By the 1970s, Terraillon S.A. made up over 80% of the bathroom and kitchen scales market and the company began to expand into the international market. Export sales were initially focused in Western Europe and some French overseas territories but in 1988, with the company's acquisition of Hanson, a major UK-based competitor, it inherited a network of importers and agents in over 80 countries.
During the 1980s and early 1990s the company went through a turbulent transition from a family-owned manufacturing and engineering company to a more market-focussed company. During this time, the company was purchased by French tycoon Bernard Tapie, who lost the company to the Crédit Lyonnais bank.

By the mid 90s manufacturing had been outsourced and Terraillon began to specialize in innovation and design, while leveraging its distribution coverage, marketing skills and brand equity.
This transition was completed with the MBI/MBO of the company in 1999, led by two Irish businessmen, Fergal Mulchrone and Chris Duggan, with the backing of a European venture capital fund managed by Hibernian Capital Partners for 33 million francs.
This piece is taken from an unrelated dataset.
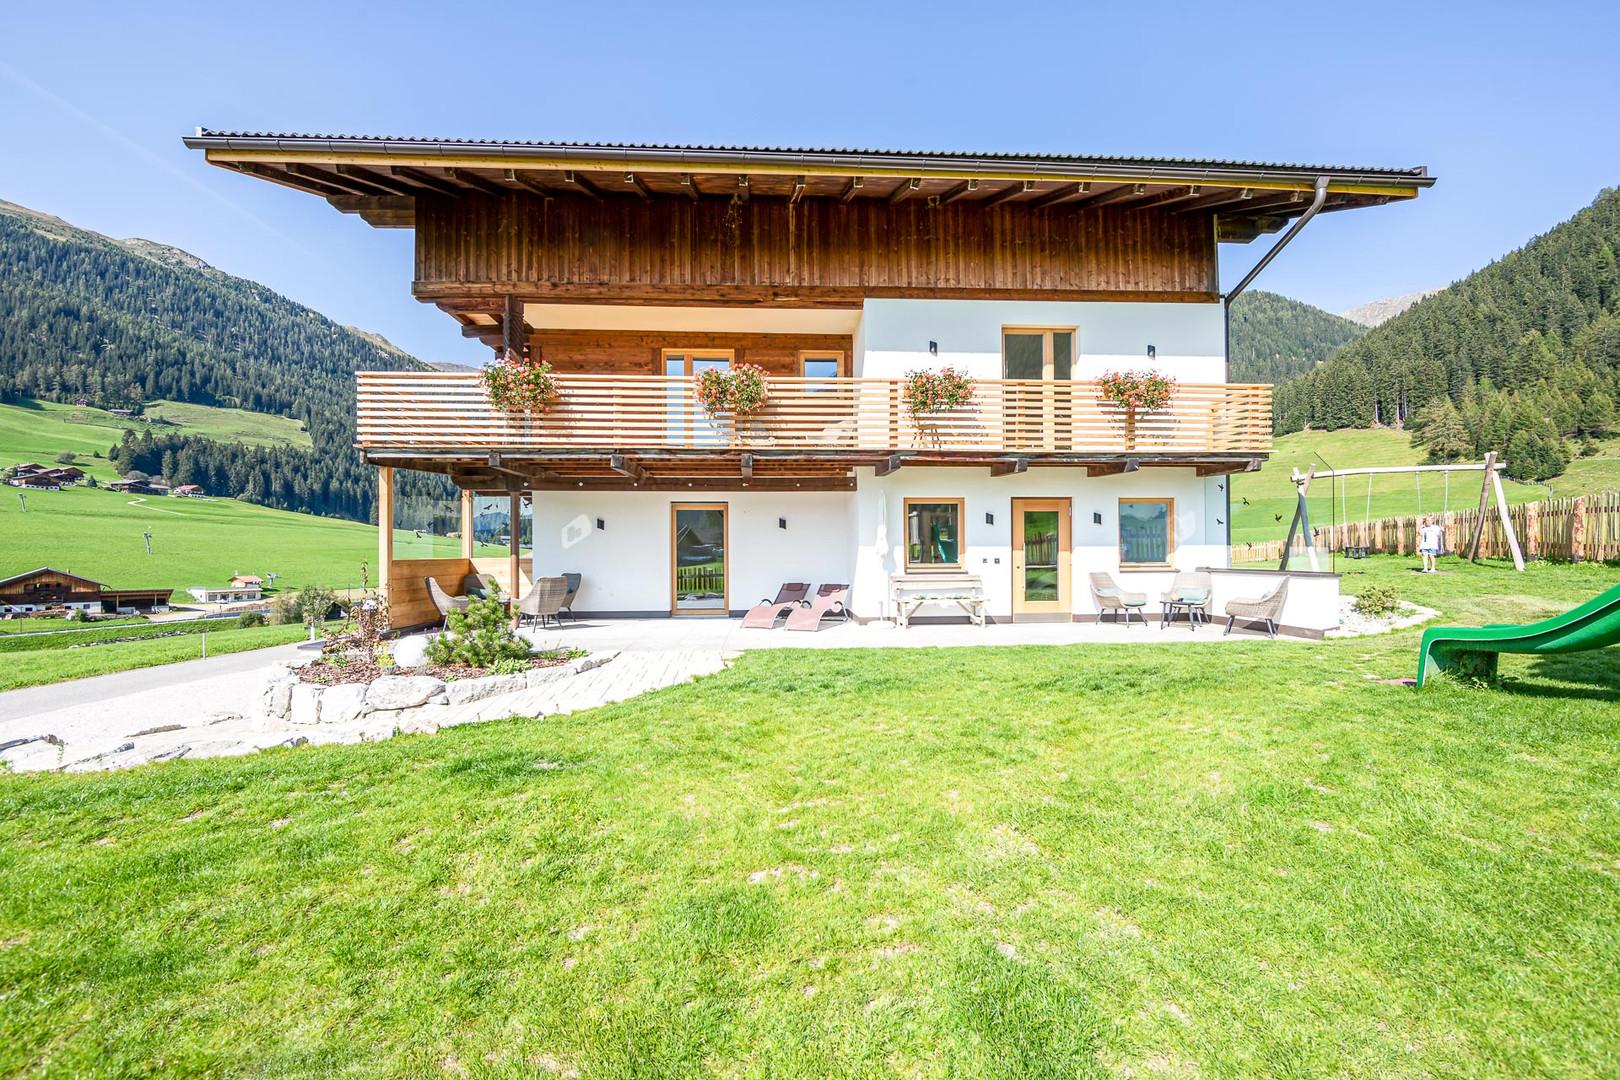 Residence_Alpina_Gsies-14.jpg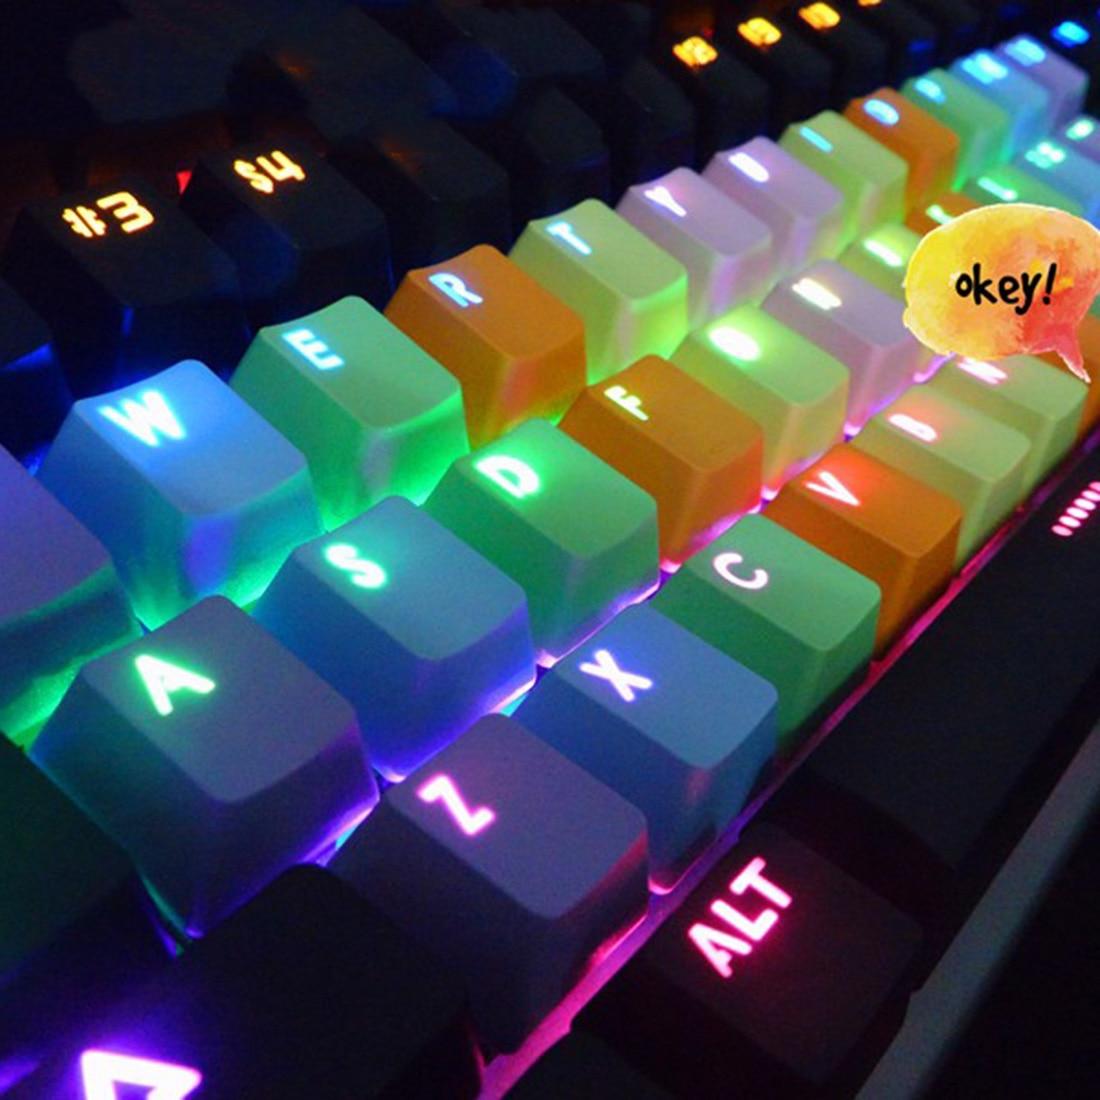 NOYOKERE Backlight PBT 37keys Double S Translucidus Backlight Backlit Rainbow Keycaps for Mechanical Keyboard футболка backlight backlight ba076emcbvs4

In two years, the company began a period of growth, regaining European leadership of the consumer scales market, while also diversifying into healthcare products and water filtration. It was sold to Measurement Specialities for 125 million francs and then to the Japanese Fukuda. Terraillon opened several regional sales offices in Hong Kong, Germany, Italy, and Spain to cope with their international size.

Terraillon is now a global company, with 2 well-known brands, Terraillon and Hanson, and sales of over USD 50 million. It is part of an international holding group which incorporates its high-tech sensors division in France, manufacturing division in China and its regional sales and marketing offices in various international locations.